When x=1, D _i e D, the boundary coverage specific gravity of D _i is:

beta _i is the boundary coverage specific gravity of D _i; d _wxl is the length of the line segment covered on the left side of the WAF convex hull with D _i as a starting point; d _wxr is the length of the line segment covered on the right side of the WAF convex hull with D _i as a starting point; d _il is the left terminal region boundary length adjacent to D _i; d _ir is the right terminal region boundary length adjacent to D _i.
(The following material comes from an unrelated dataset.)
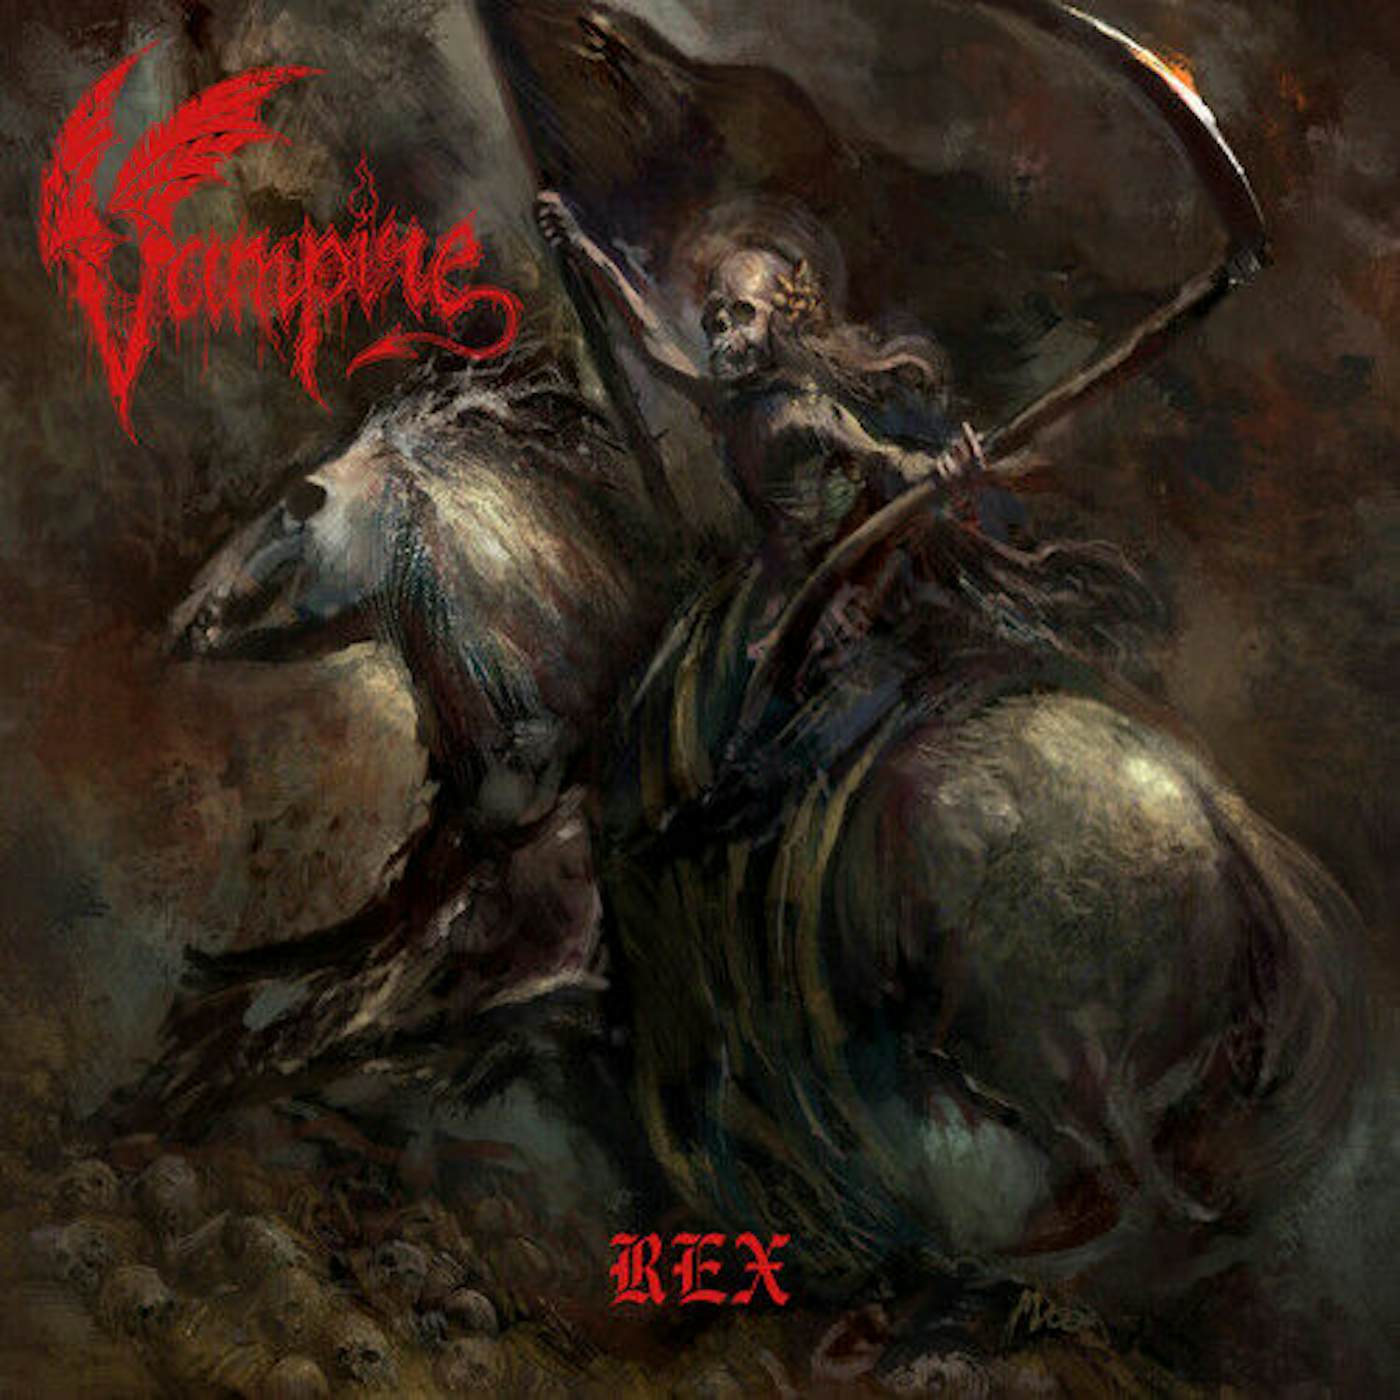 Vampire Rex Vinyl Record

4. The convection weather effect terminal area pattern recognition server of claim 3, wherein,

The feature construction module is adapted to construct a convective weather effect terminal area feature from convective weather data, i.e

The influence characteristics of convective weather on a main approach corridor, weather risk indexes and available flow capacity ratios;

the weather risk index is WSI, and the proportion of the airspace covered by the dangerous weather is the same;

Wherein S _wx is the airspace area covered by the convective weather; s is the total area of the airspace;

When WSI exceeds a preset threshold, the airspace loses the traffic capacity;

the available flow to volume ratio is the ability to allow passage of aircraft in areas not covered by weather;

The available flow-to-volume ratio of the jth WAF convex hull based on the maximum flow minimum cut is:

wherein AFCR _kj is the available flow-to-volume ratio of the kth approach corridor polygon under the influence of the jth WAF convex hull; mincut _j is the minimum cut of the kth approach corridor polygon under the influence of the jth WAF convex hull; mincut _k0 is the minimum cut of the kth approach corridor polygon in good weather; e _t and e _b represent the top and bottom sides, respectively, of an approach corridor polygon; d _min is the shortest distance.

5. The convection weather effect terminal area pattern recognition server of claim 1, wherein,

The analysis module is suitable for comparing analysis areas according to the clustering result of the clustering model

And judging that the clustering result of the Gaussian mixture clustering accords with the actual control condition of the terminal area according to the clustering result of the clustering model.

6. A convection weather effect terminal area pattern recognition system, comprising:

the acquisition device is suitable for adopting convection weather data; and

The convective weather effect terminal zone pattern recognition server according to any one of claims 1-5, said server being adapted to receive convective weather data and to generate a clustering model from the convective weather data and to analyze it.